The coefficients used in the projections form the elements of the upper triangular matrix $R$ . Specifically, $R$ is constructed such that:

$R_{ij} = a_i \cdot q_j$ for $j \le i$ ,

and $R_{ij} = 0$ for $j > i$ .

Thus, we obtain the QR decomposition (Figure 6) $A = QR$ , where:

$Q = [q_1 \, q_2 \, \ldots \, q_n]$

$R$ is an upper triangular matrix with entries $R_{ij} = q_j \cdot a_i$ for $j \le i$

**Figure 6:** Forming the $Q$ and $R$ matrices (source: The Palindrome).

Implementing the Gram-Schmidt Algorithm in Python

The code snippet below implements the Gram-Schmidt algorithm to perform the QR decomposition of a matrix. The code uses the NumPy library, which can be installed in your Python environment via pip install numpy.

import numpy as np

def gram_schmidt(A):
    """Perform QR factorization using the Gram-Schmidt process."""
    m, n = A.shape
    Q = np.zeros((m, n))
    R = np.zeros((n, n))

    for j in range(n):
        v = A[:, j]
        # Orthogonalization
        for i in range(j):
            R[i, j] = np.dot(Q[:, i], A[:, j])
            v = v - R[i, j] * Q[:, i]
       
        # Forming Q and R matrices
        R[j, j] = np.linalg.norm(v)
        Q[:, j] = v / R[j, j]

    return Q, R

# Example usage
A = np.array([[1, 2, 4], [3, 4, 7], [5, 6, 8]])
Q, R = gram_schmidt(A)

print("Matrix A:")
print(A)
print("\nMatrix Q:")
print(Q)
print("\nMatrix R:")
print(R)
print("\nVerifying A = QR:")
print(Q @ R)

Output:

Matrix A:
[[1 2 4]
 [3 4 7]
 [5 6 8]]

Matrix Q:
[[ 0.16903085  0.89708523 -0.40824829]
 [ 0.50709255  0.27602622  0.81649658]
 [ 0.84515425 -0.34503278 -0.40824829]]

Matrix R:
[[ 5.91607978  7.43735744 10.98700531]
 [ 0.          0.82807867  2.76026224]
 [ 0.          0.          0.81649658]]

Verifying A = QR:
[[1. 2. 4.]
 [3. 4. 7.]
 [5. 6. 8.]]

In this Python code, we start by importing numpy for matrix operations (Line 1). In the gram_schmidt function, we initialize zero matrices Q and R to store the orthogonal and upper triangular components (Lines 5-7).

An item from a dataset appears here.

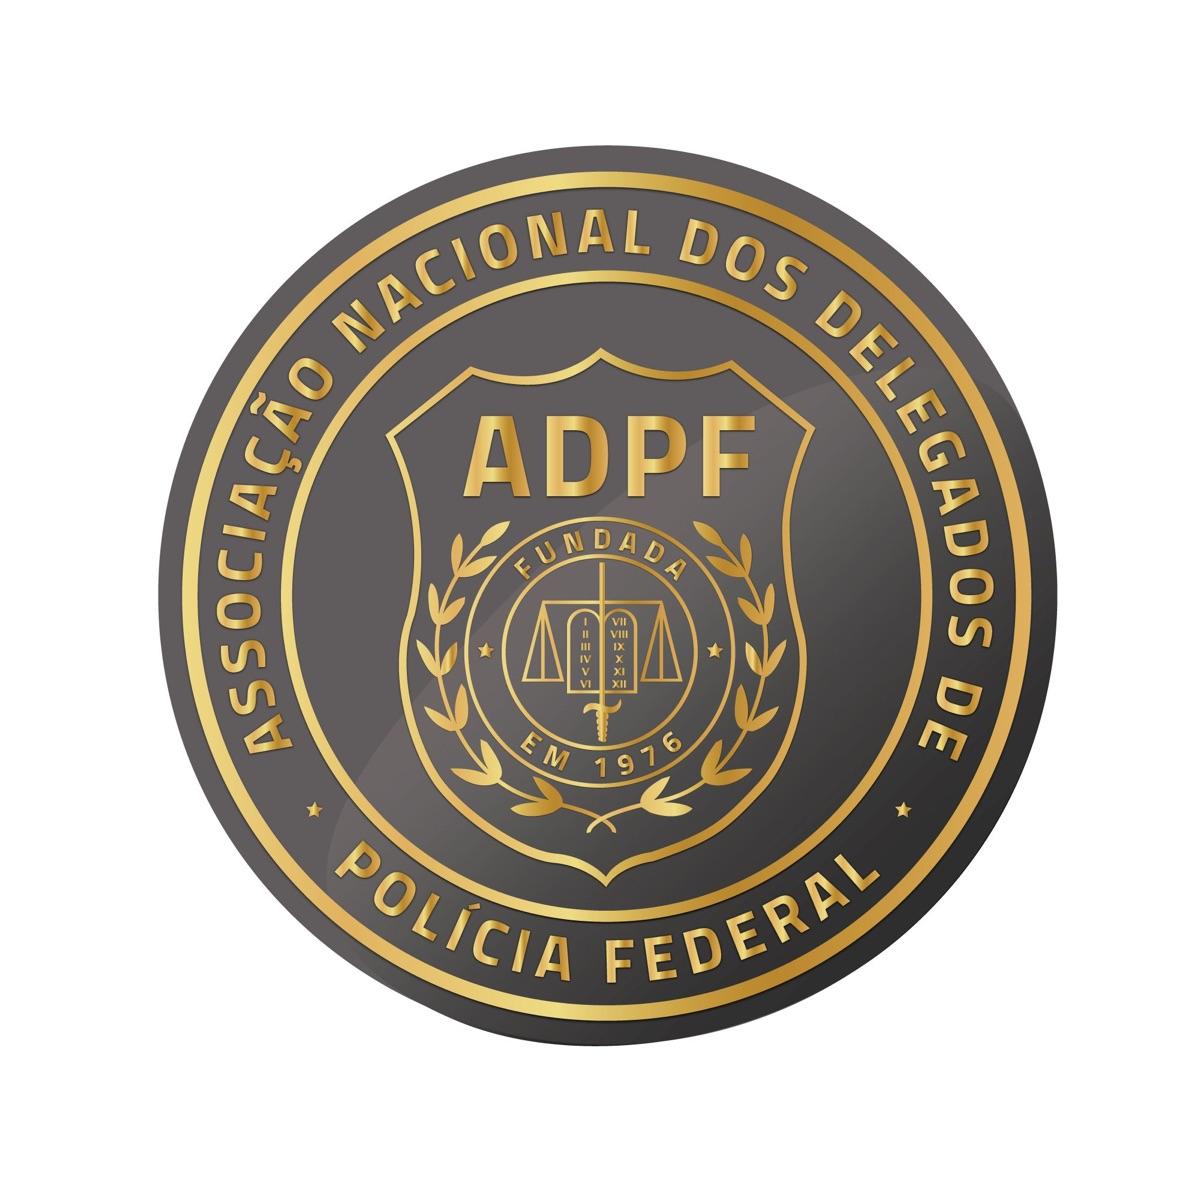 ADPFcast

We loop over each column of A, orthogonalize it by subtracting its projections on the previously computed orthonormal vectors, and store the coefficients in R (Lines 9-14). We then normalize the resulting vector to form the next orthonormal vector and store it in R and Q (Lines 17 and 18).

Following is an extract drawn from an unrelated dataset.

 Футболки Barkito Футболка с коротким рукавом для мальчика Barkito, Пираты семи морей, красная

Finally, we return Q and R (Line 20). The example usage demonstrates how we can factorize a sample $3 \times 3$ matrix and verify $A = QR$ (Lines 23-33).

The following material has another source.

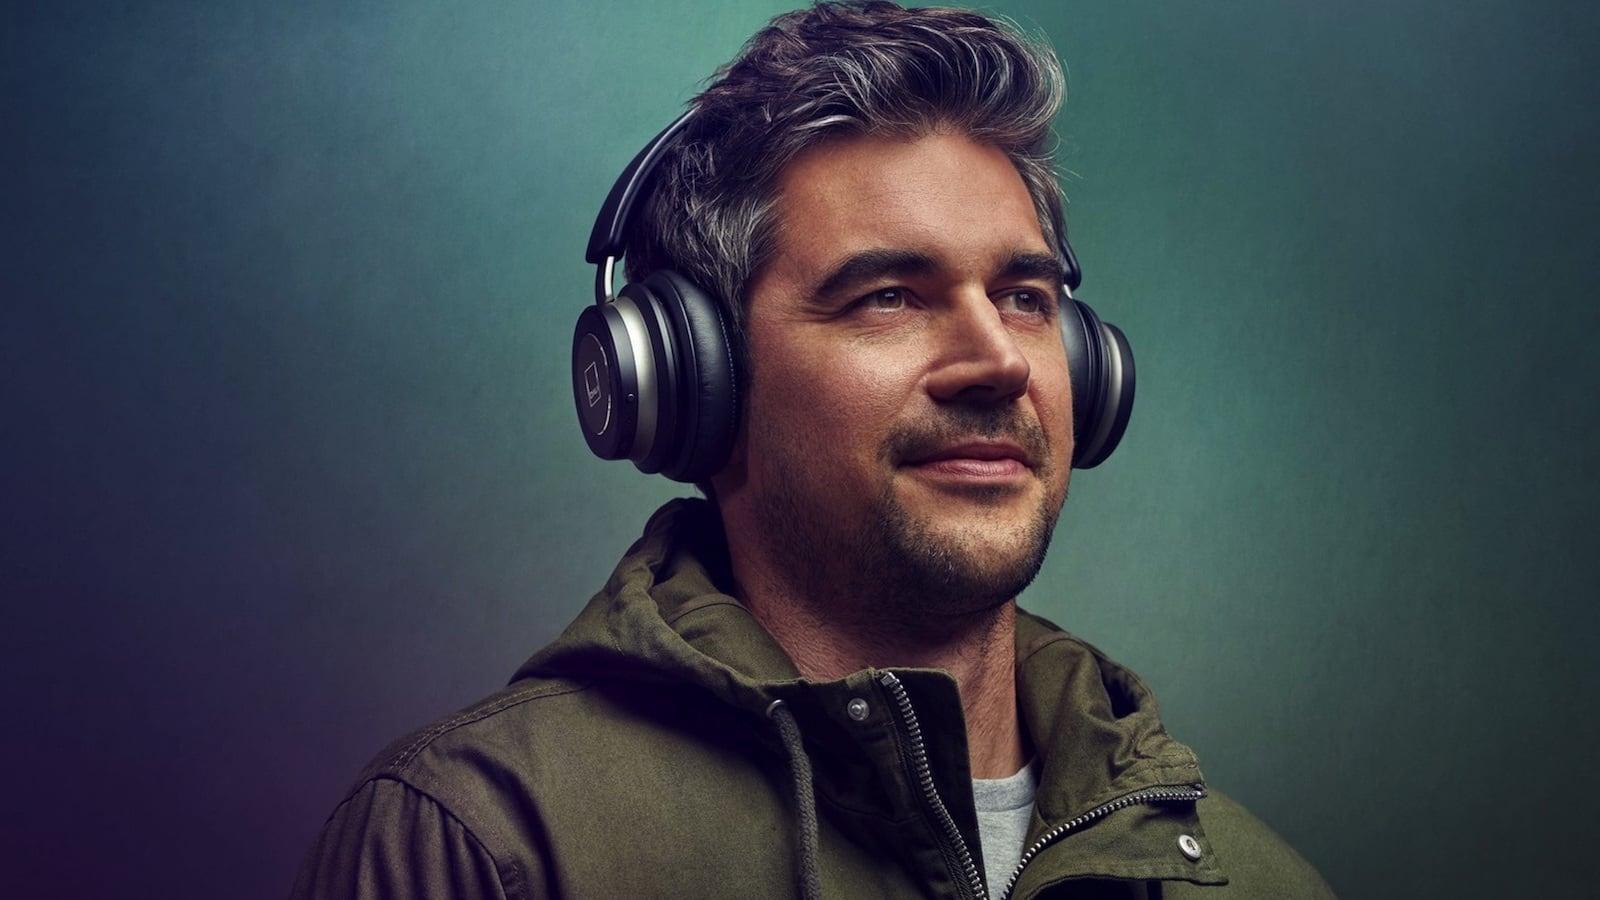 Dali IO-6 Immersive Noise Canceling Headphones

QR Factorization for Least Squares Regression

Transforming the Equations of Ordinary Least Squares Regression

The goal of OLS regression is to estimate the coefficient vector $\beta$ that minimizes the sum of squared residuals. This leads to the normal equations:

$(X^TX) \beta =X^Ty$

To simplify solving the above normal equations, we can leverage QR Factorization to decompose the matrix $X$ into two matrices: an orthogonal matrix $Q$ and an upper triangular matrix $R$ . The decomposition is expressed as follows:

$X = QR$

where:

$Q$ : an $m \times n$ orthogonal matrix ( $Q^TQ = I$ )
$R$ : an $n \times n$ upper triangular matrix

Using this decomposition, we can rewrite the normal equations as follows:

$R\beta = Q^Ty$

Solving the Transformed Equations

The transformed system $R\beta = Q^Ty$ is simpler to solve (than the original normal equation $(X^TX) \beta =X^Ty$ ) because $R$ is an upper triangular matrix, making it suitable for back substitution. The steps are as follows:

Compute $Q^Ty$ : Multiply the transpose of $Q$ by the vector $y$ , yielding a new vector.
Back Substitution: Solve the upper triangular system $\beta = Q^Ty$ using back substitution. Starting from the last row and moving upward, each variable $\beta_i$ can be solved sequentially.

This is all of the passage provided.